Dont have any plans, but there is Ace Hardware in Gray
GA. that sells a 16' tower with 4x4x4 camo cover stand
for $325....
Usually about $450.
Not sure you could build one for much less...Replacement
canvas cover is about $100.


----------



## cj03ram (Sep 22, 2006)

i can send you some pics of one that i built for me and the wife this year. it is made out of truck bedliners, 2x2, 2x4, and will sit on 4x4x8 posts. didn't cost too much, most bedliner places will give you the old ones for free b/c they have to pay to get rid of them. i will post pics when i get home later, at work right now


----------



## Handgunner (Sep 22, 2006)

Here's one me and my buddy built years ago.  I had the plywood already and he had some 2x4's laying around.  So with what I bought, I think I got about $150 in it.

We built "DFA" (Death from Above) in '01 and it's still standing strong.

The only thing I'd recommend is closing the window's in some more.  Which we did later on...







It's a 4x6' box about 8' off the ground.


----------



## NOYDB (Sep 22, 2006)

A tip for those box stand windows. Get the burlap with big holes, heavy weave or what ever you call it. Staple it up at the top around all the windows, cut from the edge of the top frame down in verticle strips about 4" wide. Let it hang down a foot or more below the window, extra weight so it dosen't billow in the wind. You can staple the hook side of velcro at the bottom to hold it down if you want. 

You can see thru the burlap looking out, but from the oputside you can't see what's inside. The slits allow you to poke your gun out any where you want and you can see thru your scope with no problem. You can tie it to the side, tie it up or down as you need to depending on conditions. It's cheap and easy to replace. Also allows some ventilation.


----------



## cj03ram (Sep 22, 2006)

here is what i did i will be putting it out this weekend and i will take more pics of it out in the woods and show you that too.


----------



## Handgunner (Sep 22, 2006)

NOYDB said:


> A tip for those box stand windows. Get the burlap with big holes, heavy weave or what ever you call it. Staple it up at the top around all the windows, cut from the edge of the top frame down in verticle strips about 4" wide. Let it hang down a foot or more below the window, extra weight so it dosen't billow in the wind. You can staple the hook side of velcro at the bottom to hold it down if you want.
> 
> You can see thru the burlap looking out, but from the oputside you can't see what's inside. The slits allow you to poke your gun out any where you want and you can see thru your scope with no problem. You can tie it to the side, tie it up or down as you need to depending on conditions. It's cheap and easy to replace. Also allows some ventilation.


That's exactly what I done and you're right, it works very well.
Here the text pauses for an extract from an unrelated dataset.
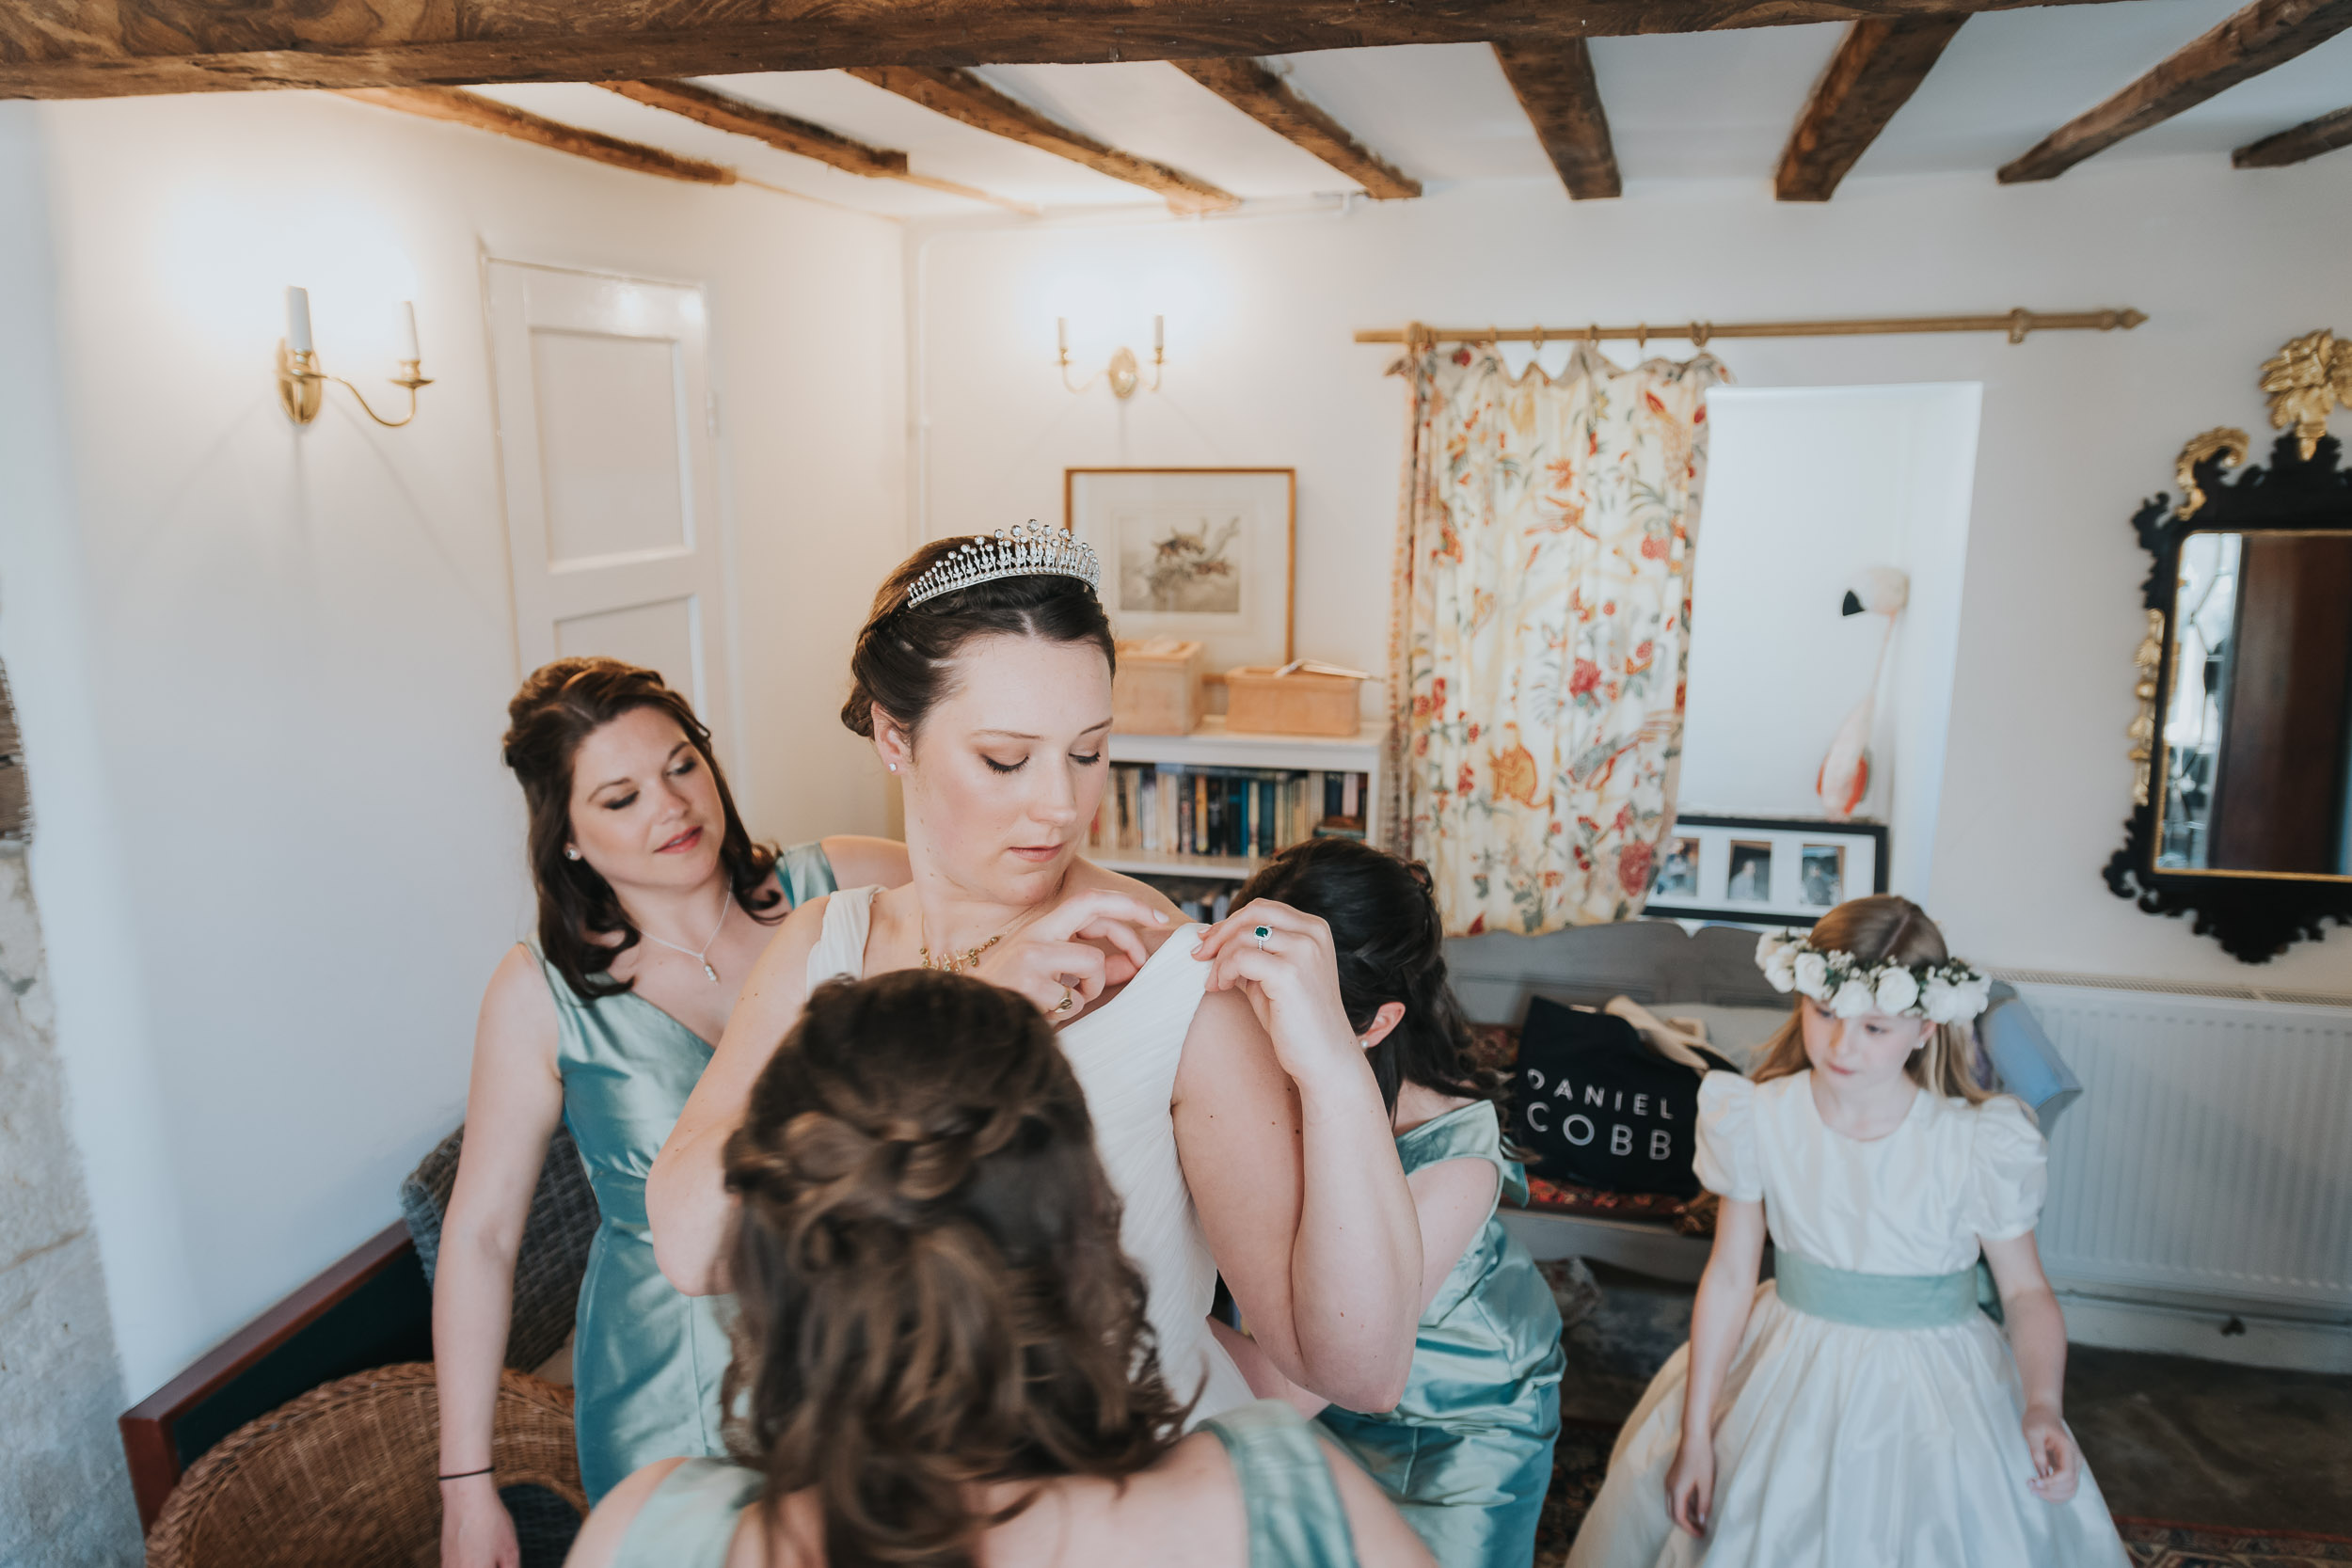 hamswell-house-wedding-w65.jpg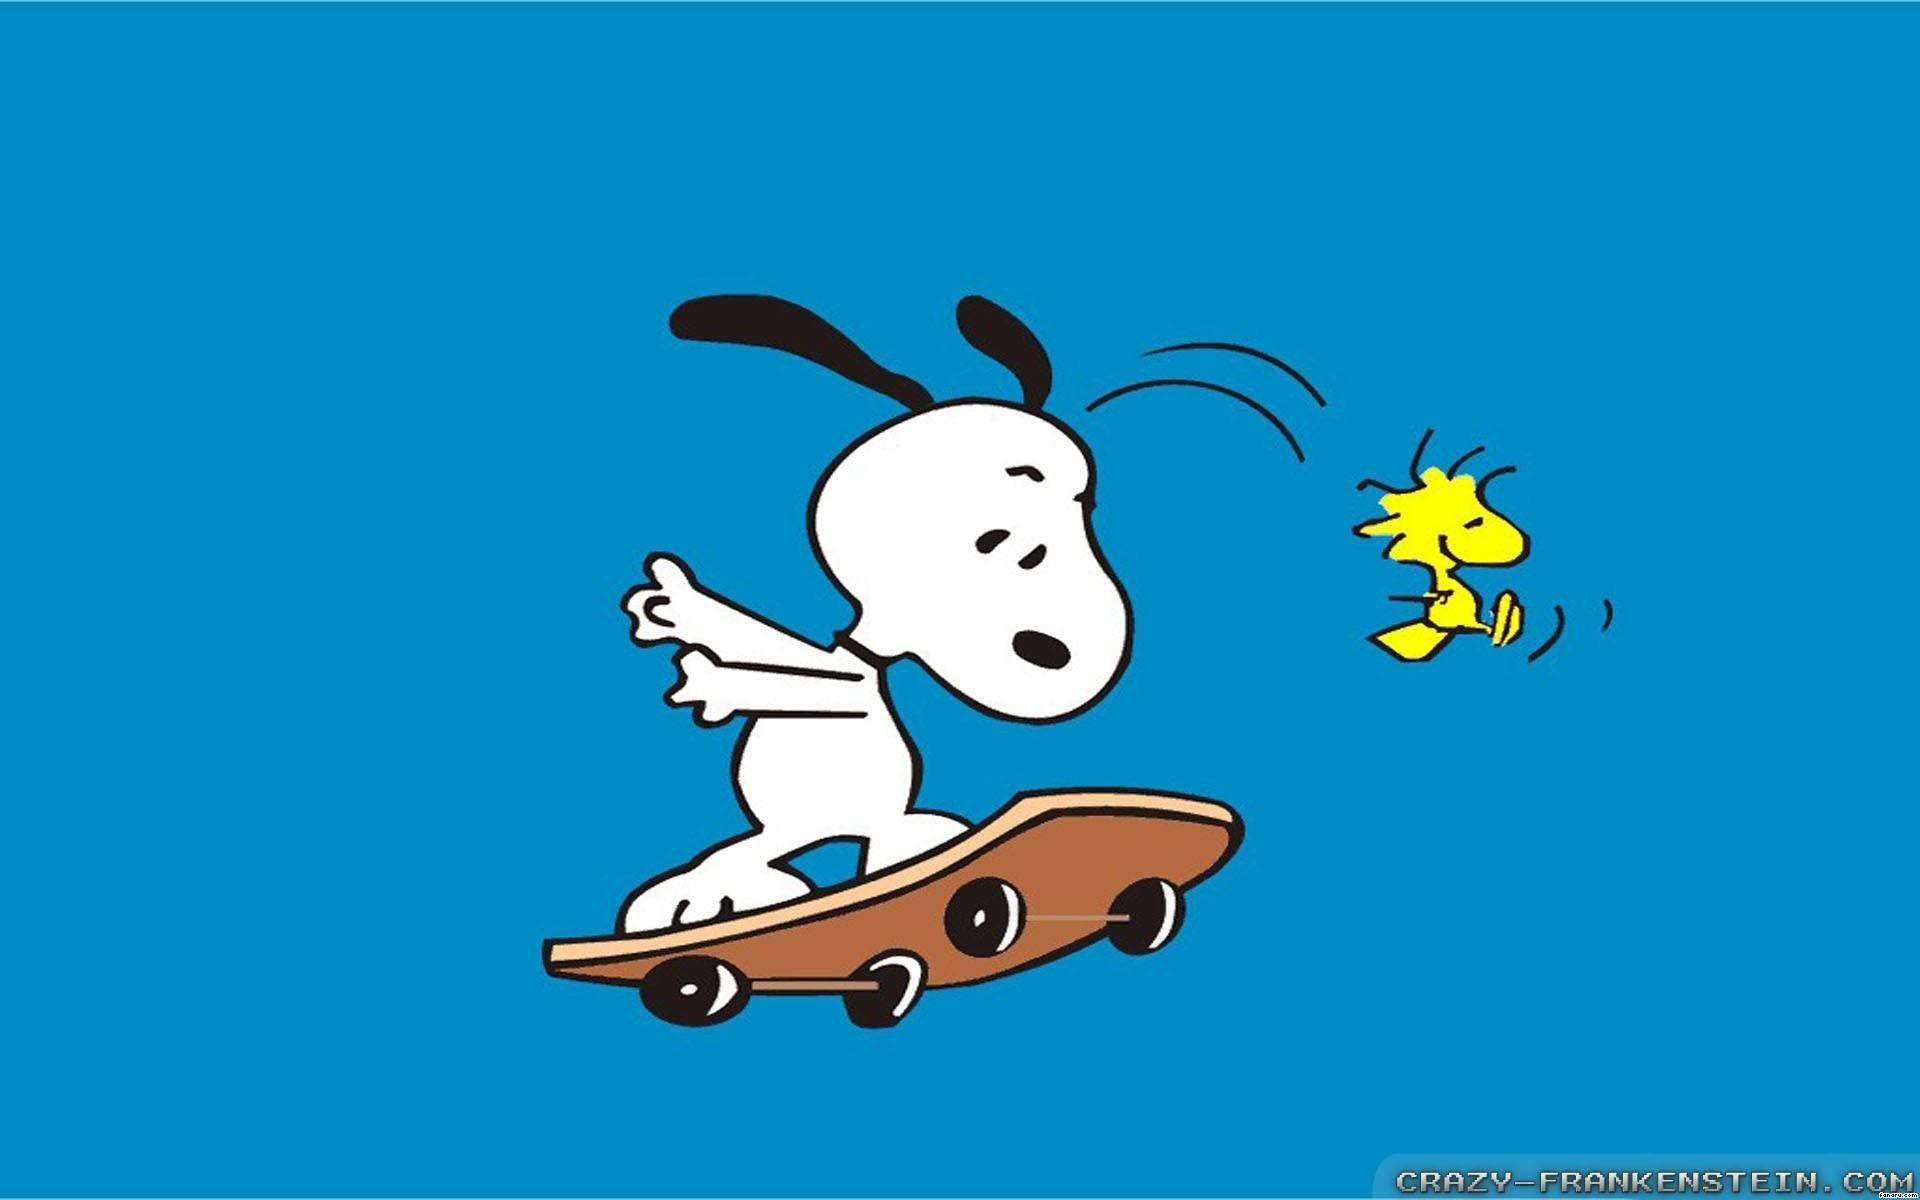 25 Snoopy Fondos De Pantalla HD

I took some military camo netting and stapled it all the way around at the top, and then to the bottom of the window, about 12" from the lip.  Then as you said, cut slits in the areas I need to see most.

I can see out of it pretty easily and the deer never see us inside of it... Or, that gun barrel easing out of it.


----------



## Jeff Phillips (Sep 22, 2006)

I had a buddy in 1 of my old clubs cover his windows with 18" strips of Christmas garland. We all made fun of him, but it worked GREAT for breaking up the outline of anyone inside!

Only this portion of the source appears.